**EXERCISE REQUIREMENTS**
What is needed is an exact copy of the data below, pictures excluded.

**GIVEN DATA**
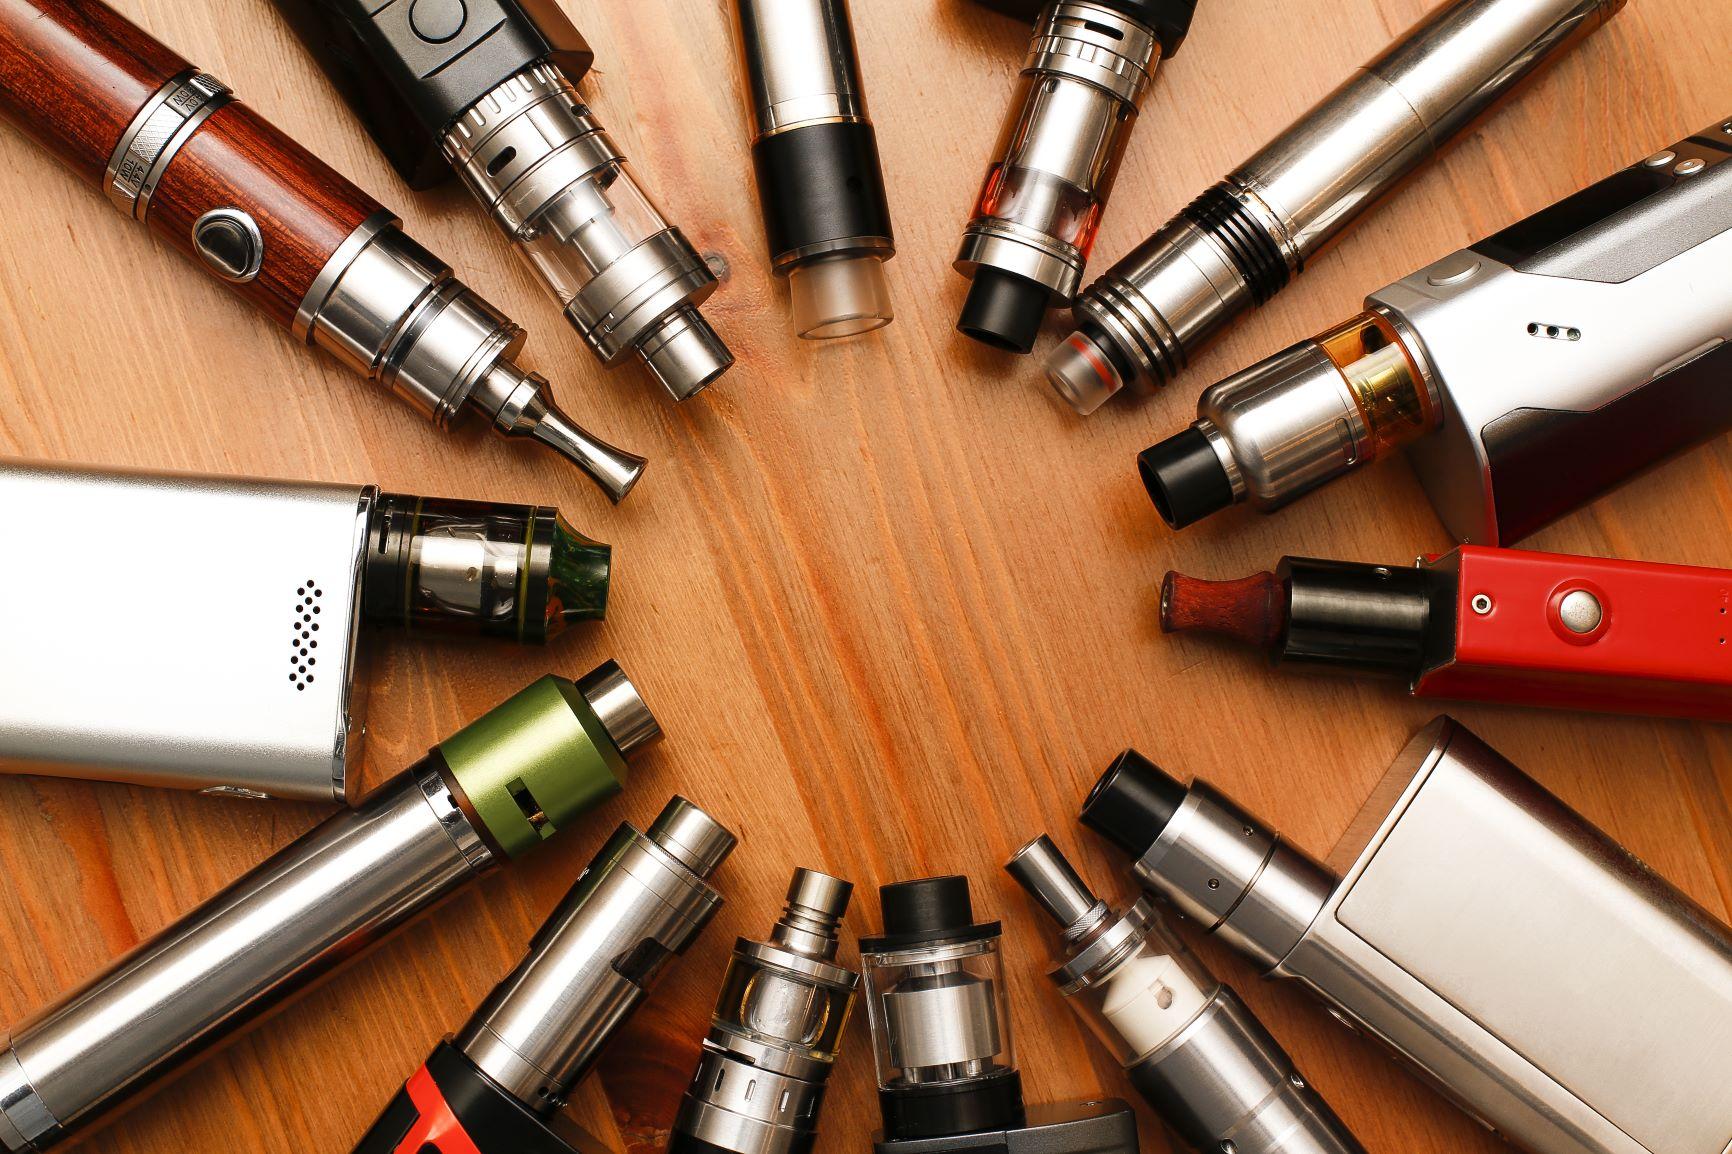 «Πράσινη» συνεργασία British American Tobacco-Nobacco για 500 τόνους υλικών προς ανακύκλωση
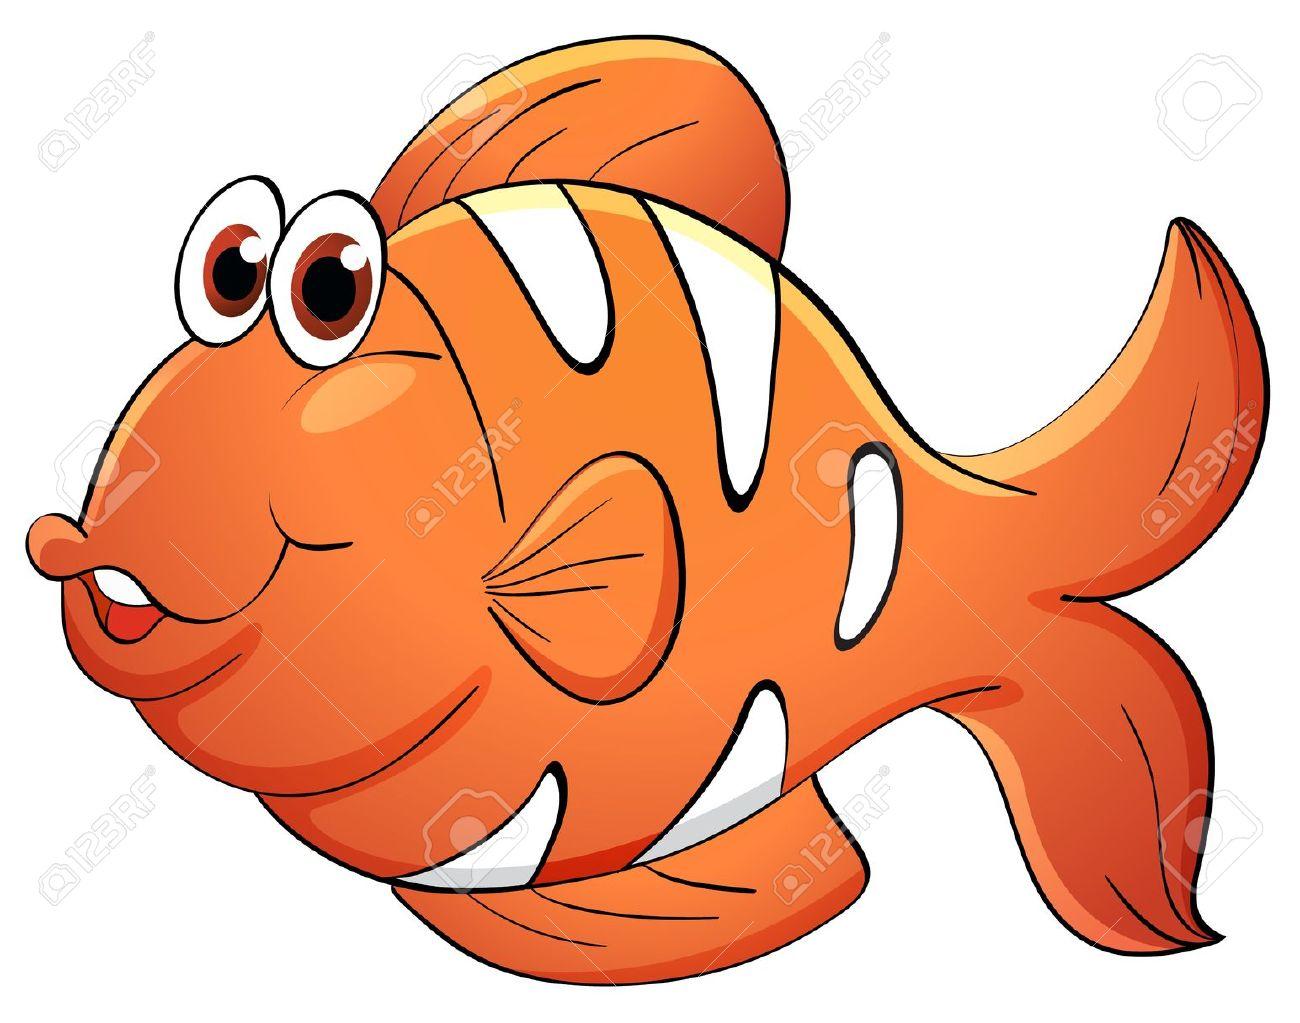 1300x1023 A fish clipart
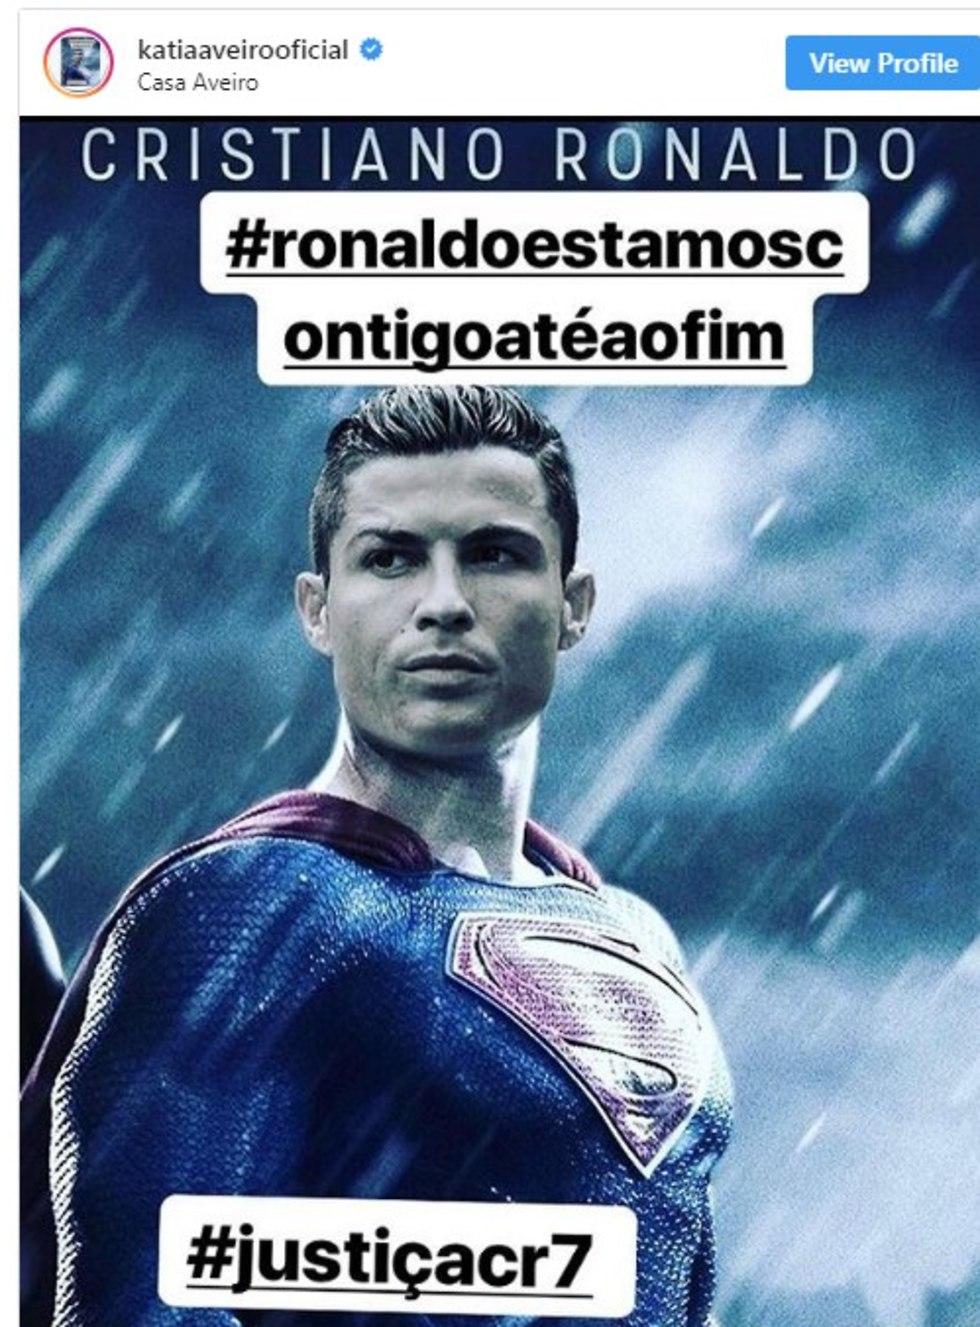 כריסטיאנו רונאלדו רשת חברתית קמפיין (צילום מסך)
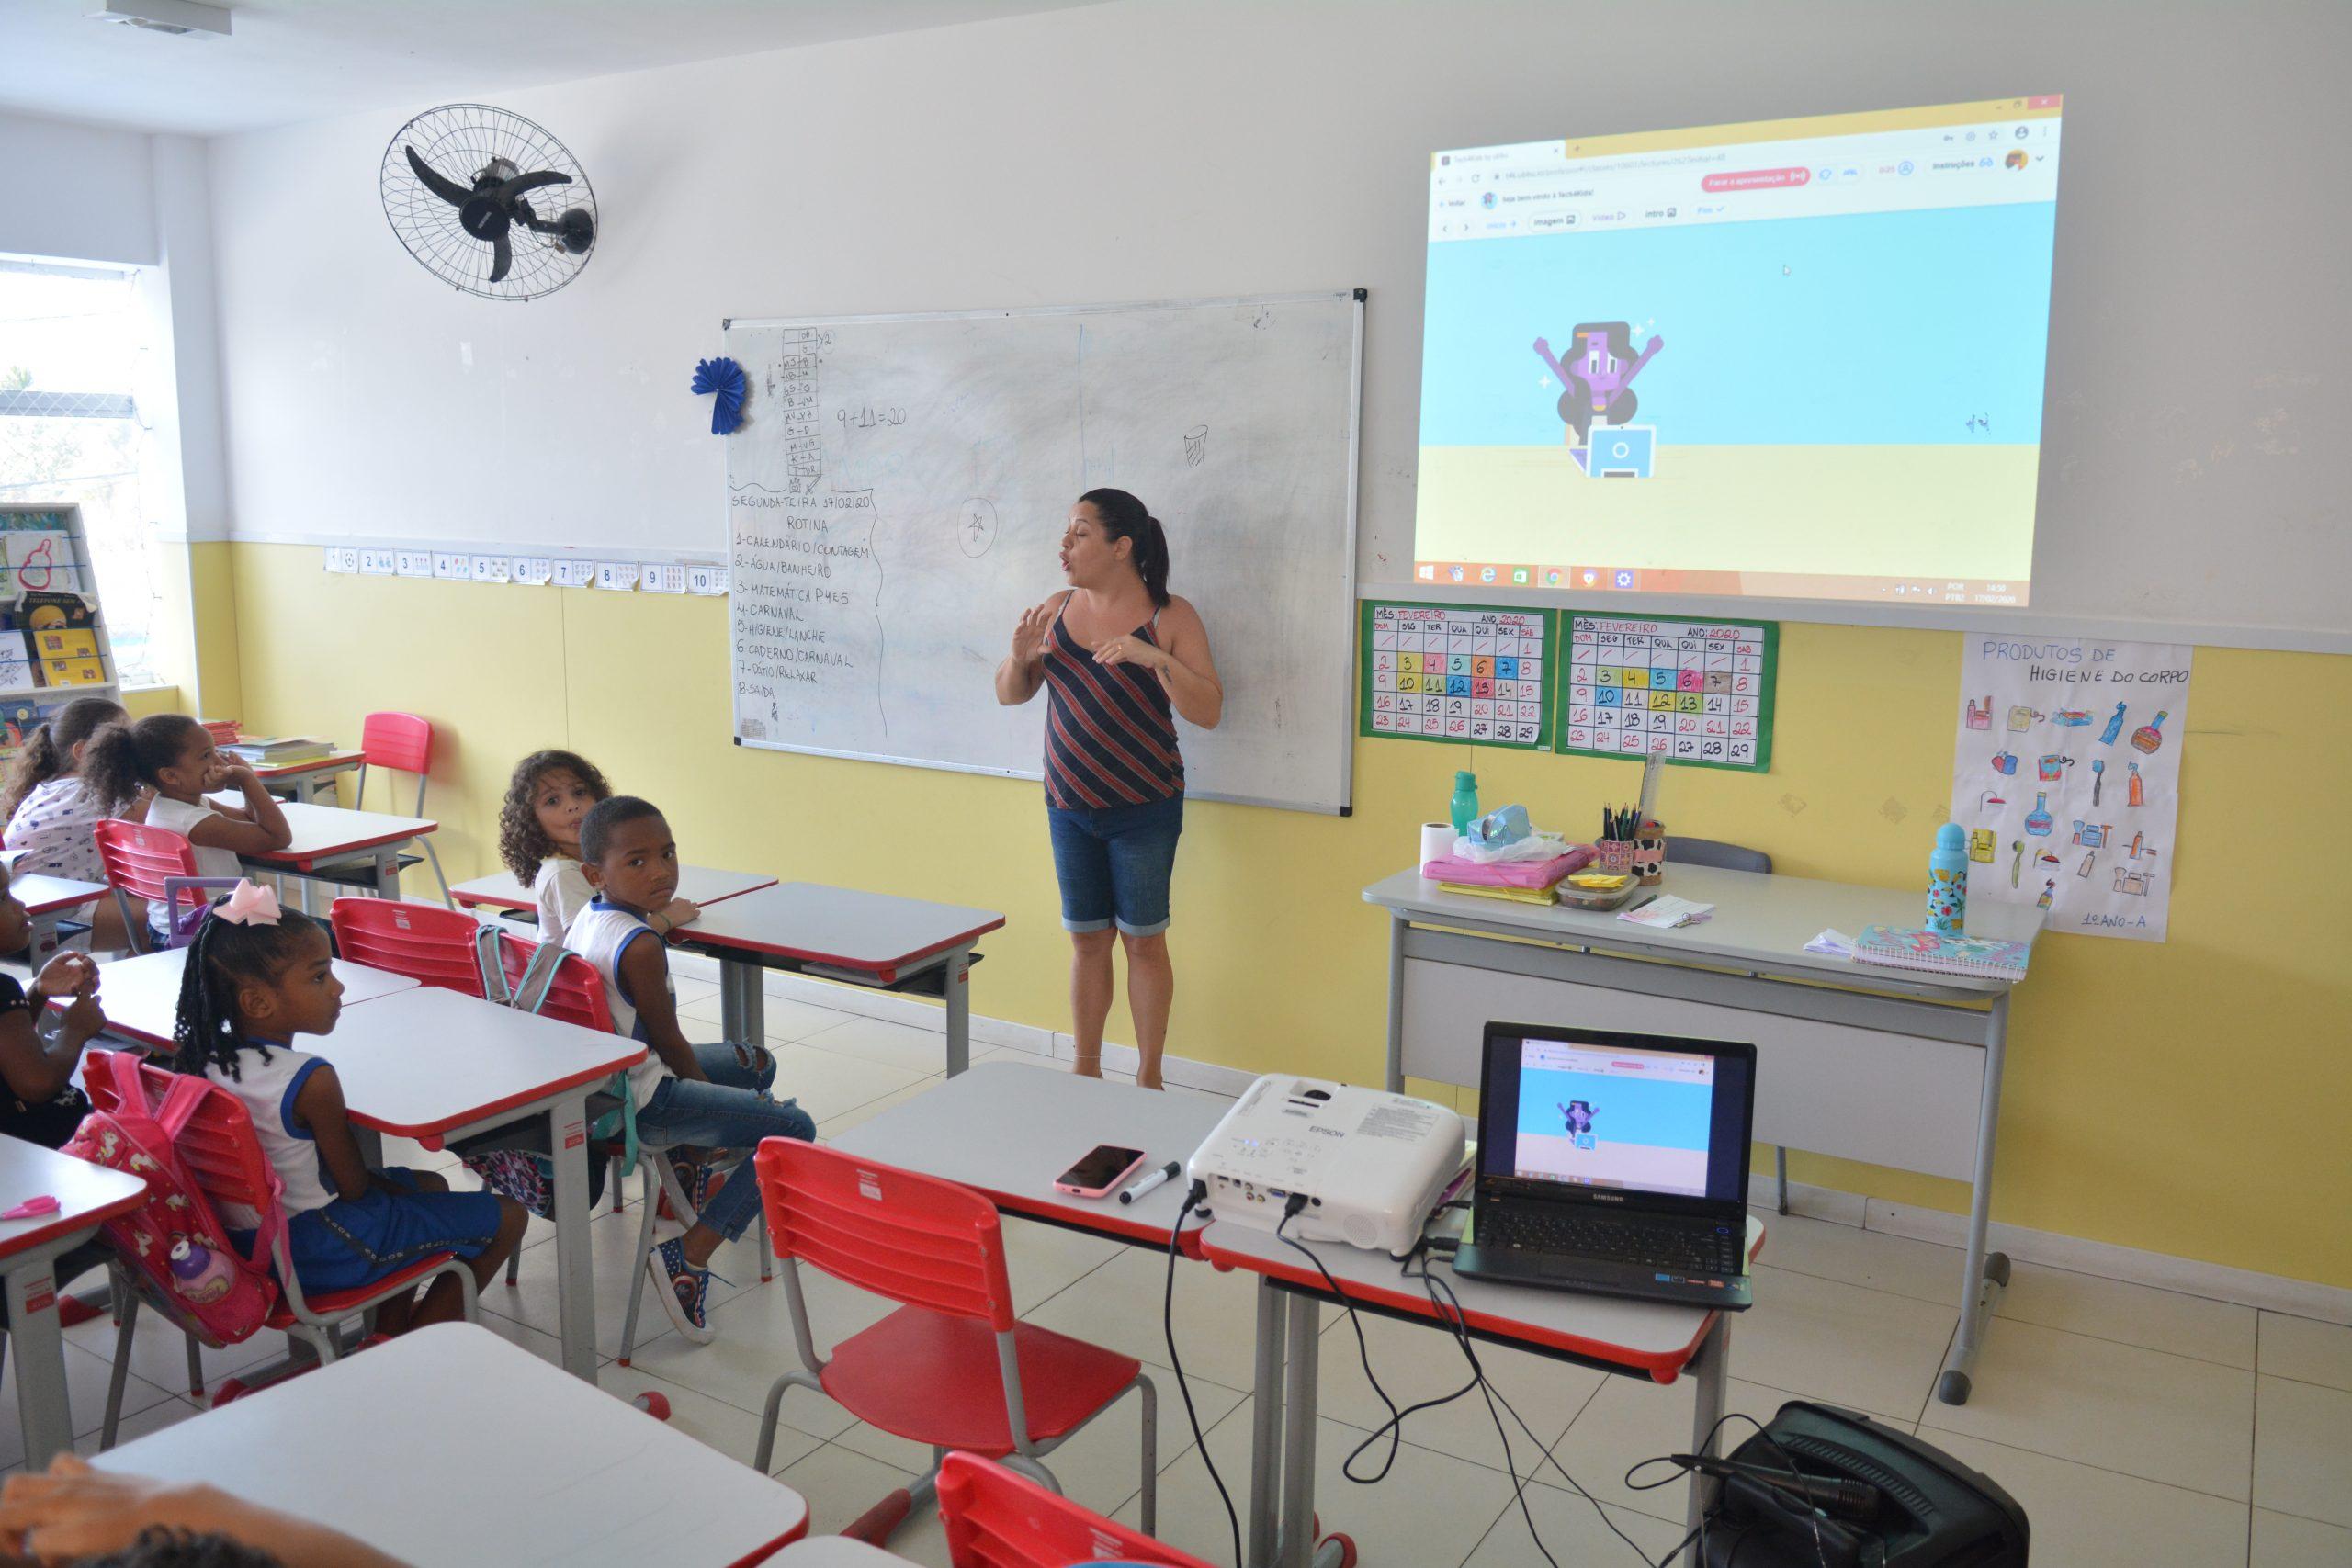 ALC_2495_17.02_Tech4Kids_Fotos André Carvalho_SMED_PMS (2)

**WRITTEN RESPONSE**
 «Πράσινη» συνεργασία British American Tobacco-Nobacco για 500 τόνους υλικών προς ανακύκλωση
 1300x1023 A fish clipart
 כריסטיאנו רונאלדו רשת חברתית קמפיין (צילום מסך)
 ALC_2495_17.02_Tech4Kids_Fotos André Carvalho_SMED_PMS (2)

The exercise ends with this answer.